Protein aggregation and arsenite toxicity

We recently showed that arsenite-induced protein aggregation is correlated with toxicity of this metalloid (Jacobson et al., 2012), but how these aggregates affected cell viability was not fully elucidated. Here, we examined three mutually non-exclusive models of how aggregation may contribute to arsenite toxicity: (1) by inactivating/depleting individual proteins with protective or detoxification functions, (2) by inactivating/depleting proteins acting in parallel pathways thereby producing a more severe phenotype than expected from inactivation of the corresponding individual proteins (i.e. by synergistic or synthetic effects), and/or (3) by a seeding effect caused by aberrant interactions of the aggregated protein with many other proteins. The overlap between arsenite-aggregated proteins and a set of gene deletions that cause arsenite sensitivity (Thorsen et al., 2009) was poor (p  =  0.8; 106 permutations; Fig. 5D), suggesting that inactivation/depletion of individual protective proteins may not be a major toxicity mechanism. Accordingly, the As- and P-sets are not substantially different from the MS proteome regarding the proportion of essential proteins (supplementary material Table S2).

To assess the importance of synthetic effects, we evaluated the number of genetic interactions for each protein in the data-sets. The total number of genetic interactions between the As-set or the P-set and the genome was not significantly different from the number of genetic interactions between the MS proteome and the genome (supplementary material Fig. S3A). Likewise, the number of negative genetic or synthetic sick interactions (SSI) between the As-set and the genome was not significantly different from that between the MS proteome and the genome (supplementary material Fig. S3B,C). In contrast, the P-set was enriched for SSI with the genome (median of 8 SSI/protein) compared to that between the MS proteome and the genome (median 3 SSI/protein) (supplementary material Fig. S3B). We next analysed whether deletions that cause arsenite sensitivity could be candidate genes for negative genetic interactions with arsenite-aggregating proteins. However, both As- and P-sets had fewer SSI with genes whose deletion causes arsenite-sensitivity compared to the number of SSI between the MS proteome and the arsenite-sensitive gene deletion mutants (supplementary material Fig. S3B). The genes that show SSI with the As- or P-sets and the arsenite-sensitive gene deletion mutants are enriched for similar functions including protein fate (folding, modification, destination), cell cycle, cellular differentiation and cell fate (Fig. 5E). Taken together, synthetic effects do not appear to be a major contributor to arsenite toxicity.

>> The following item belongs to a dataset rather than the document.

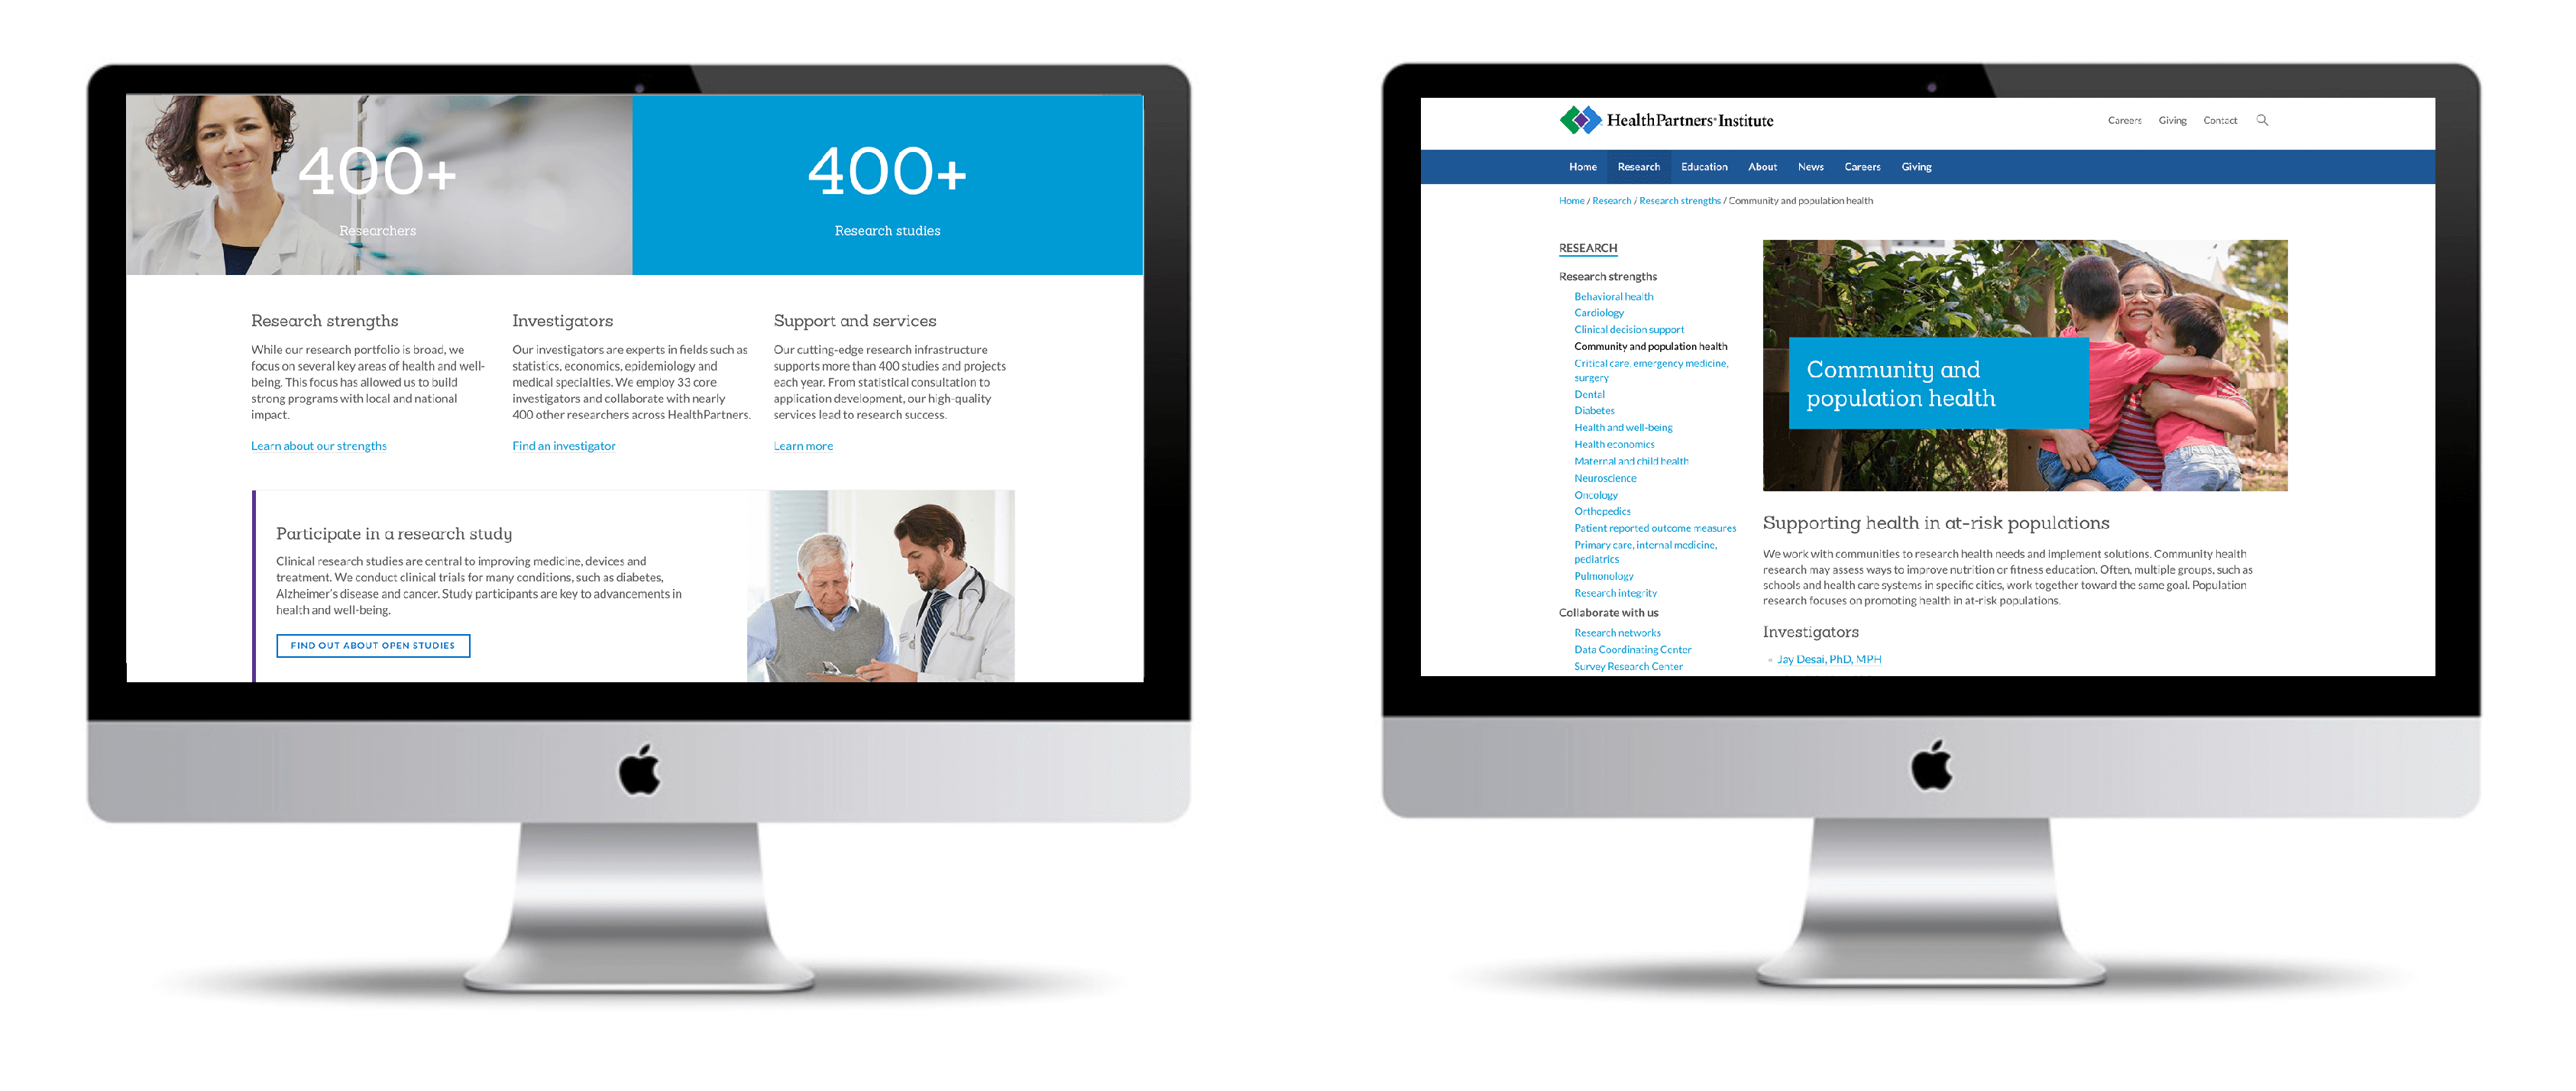 HealthPartners Institute Website

We next scored the number of physical interactions for each protein in the data-sets. Interestingly, members of both the As- and P-sets are engaged in a significantly higher number of protein–protein interactions (PPI) per protein than the proteins in the MS proteome. Comparison of the number of PPI between the As-set and the genome with that between the MS proteome and the genome revealed a strong overrepresentation for the As-set (median of 43 PPI/protein for the As-set vs. 28 PPI/protein for the MS proteome). The overrepresentation for the P-set is even more extreme (median of 80.5 PPI/protein) (Fig. 5F). The observation that aggregation-prone proteins are enriched for multiple PPI supports model 3; misfolded forms of these proteins might engage in extensive aberrant protein–protein interactions during arsenite exposure, thereby committing other proteins to misfold and aggregate and affecting cell viability.

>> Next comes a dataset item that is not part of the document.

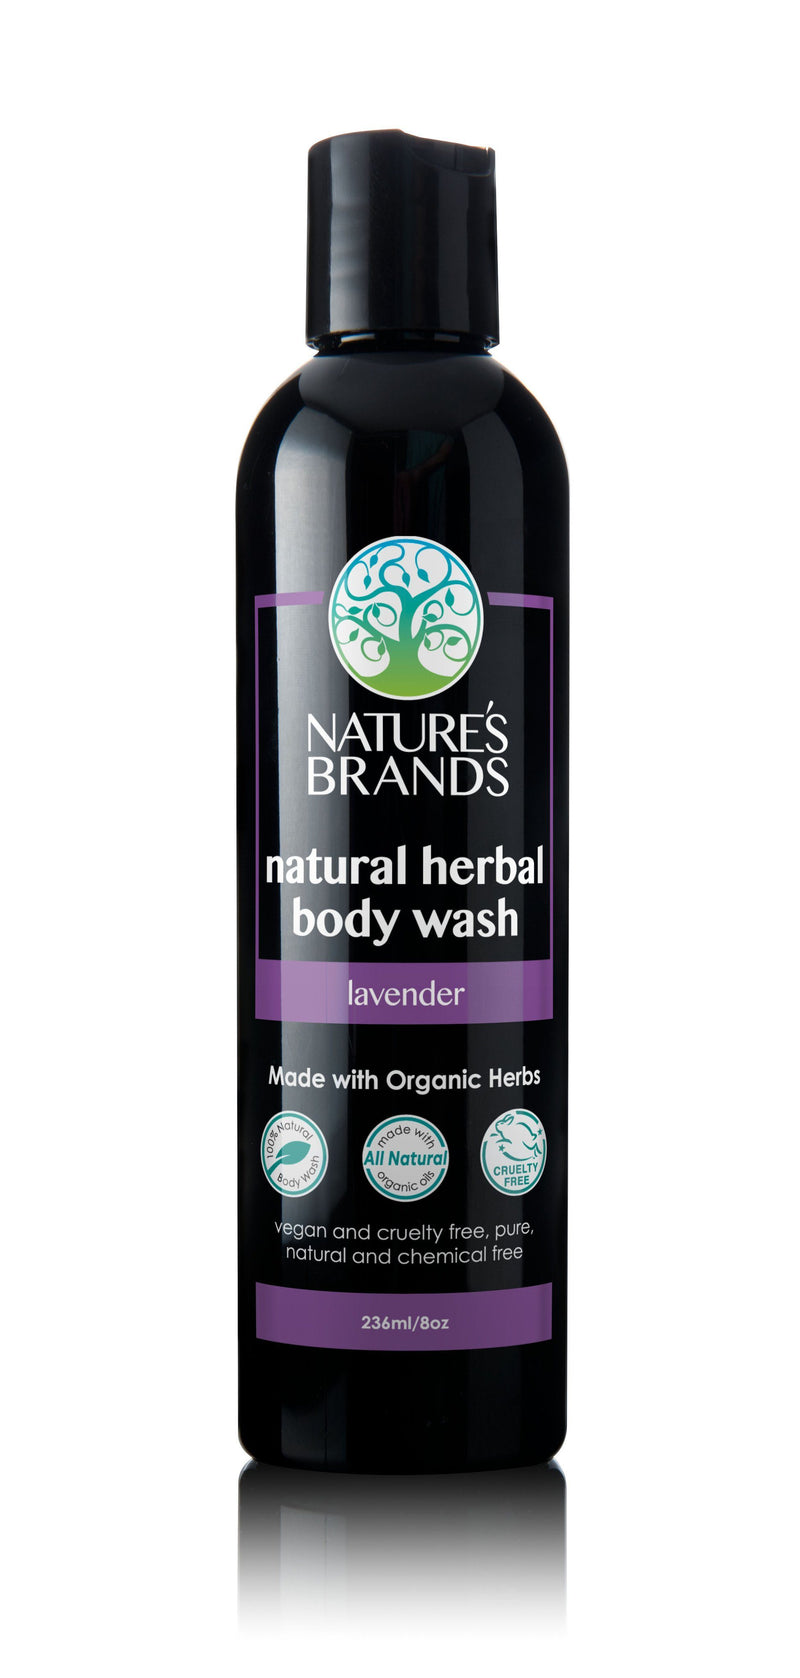 Herbal Choice Mari Organic Herbal Body Wash, Lavender - Herbal Choice Mari Organic Herbal Body Wash, Lavender - Herbal Choice Mari Organic Herbal Body Wash, Lavender

Expression of aggregation-prone proteins is decreased during arsenite stress

Given that misfolded/aggregated proteins may be cytotoxic, we asked whether cells regulate expression of aggregation-prone proteins during conditions that cause widespread misfolding and aggregation. For this, we compared the set of proteins that aggregated in response to arsenite (the As-set) to a set of proteins that show differential gene expression during arsenite exposure (Thorsen et al., 2007). In response to arsenite, 1080 genes showed a >2-fold differential (induced and decreased) expression, corresponding to 17% of the genome (Fig. 6). The equivalent number for the MS proteome is 521 genes, corresponding to 27% of the proteins with ≥ 2-fold decreased expression and 8% with ≥ 2-fold increased expression. Compared to the MS proteome, proteins in the As-set showed a significantly decreased gene expression (40% with ≥ 2-fold decrease) whereas there was no correlation between gene induction and protein aggregation. Decreased gene expression following arsenite exposure was even more pronounced for the P-set proteins (69% with ≥ 2-fold decrease). This down-regulation would make sense since the P-set proteins also aggregate during arsenite exposure. We expanded the analysis by including a set of 114 yeast proteins that aggregated in stationary phase and reverted to a soluble form upon nutrient re-addition (Narayanaswamy et al., 2009). These reversible assemblies appear to represent storage depots of functional proteins (Narayanaswamy et al., 2009; Petrovska et al., 2014). The stationary phase set had 22 proteins in common with the As-set and 16 in common with the P-set (supplementary material Fig. S4). In the stationary phase set, there was no strong correlation between gene induction or repression and protein aggregation during arsenite exposure (Fig. 6). Taken together, expression of aggregation-prone proteins is decreased following arsenite exposure. Moreover, cells may regulate gene expression differently during acute proteotoxic stress caused by arsenite and during a slow(er) progression into stationary phase.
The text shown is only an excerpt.